Growth hormone is difficult to detect

By Mark Zeigler
UNION-TRIBUNE STAFF WRITER
September 21, 2007
HGH Q&A
On April 18, 2006, a package was delivered by the U.S. Postal Service to a 5,200-square-foot home in the “Estates at Scottsdale Ranch,” a gated community west of Phoenix.

A short while later, the doorbell at 10792 East Fanfol Lane rang again. Dana Grimsley came to the door, and the three people on the front porch – two men and a woman – asked to see her husband, Jason, a veteran pitcher with the Arizona Diamondbacks.
They were federal agents and they had a search warrant. The package, according to court documents later unsealed, contained vials of sterile liquid and a powdery substance that, when mixed, created injectable human growth hormone.

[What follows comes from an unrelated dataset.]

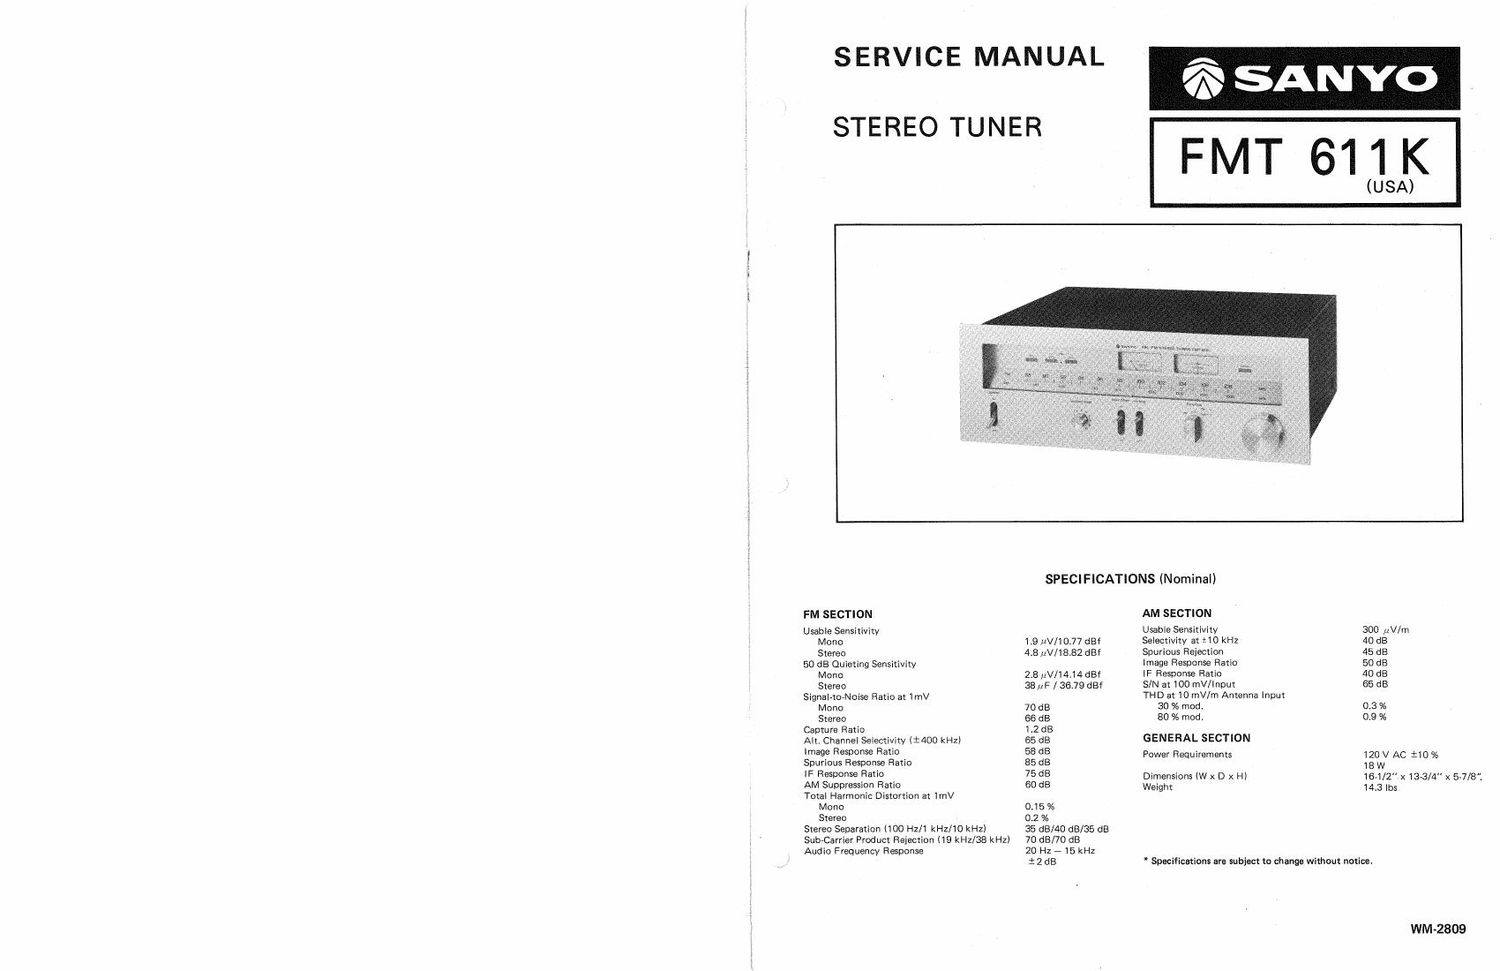 Sanyo FMT 611 K Service Manual

Not wanting a team of law-enforcement agents rifling through every corner of his five-bedroom, 5½-bathroom home in full view of his children and house guests, Grimsley agreed to cooperate. He changed clothes, surrendered the package of growth hormone to the agents and drove with them to a less conspicuous location for questioning.

Over the next two hours, according to a search warrant affidavit made public two months later, Grimsley outlined how he had used an array of banned performance-enhancing drugs “throughout the course” of a major league career that spanned 15 seasons and included stops in Philadelphia, Cleveland, Anaheim, New York, Kansas City and Baltimore.

Anabolic steroids, Clenbuterol, amphetamines, he had used them all. Then the search warrant affidavit says this:

“Grimsley stated that since Major League Baseball began its drug testing for steroids and amphetamines, the only drug that he has used is human growth hormone.”

Grimsley wasn't telling them something they didn't already know, or at least suspect – that growth hormone has quietly become a regular part of doping regimens for elite athletes as efforts to develop and institute an effective test drag on.

“Because you can't detect it in tests, I think more and more guys are using it,” Florida Marlins infielder Jason Wood recently told the Palm Beach Post. “I wouldn't be surprised if it's widespread.”

Adds BALCO founder Victor Conte: “Growth hormone use is just as common as steroids now, and just as easy to get.”

The headlines this year certainly agree. The Signature Pharmacy scandal – the investigation of a Florida company by a district attorney in Albany, N.Y. – has implicated several big-name athletes since a February raid of its Orlando headquarters. Among them: baseball's Rick Ankiel, Gary Matthews Jr. and Carlsbad High alum Troy Glaus; former Chargers safety Rodney Harrison; boxing's Evander Holyfield; and a dozen pro wrestlers, including the late Chris Benoit.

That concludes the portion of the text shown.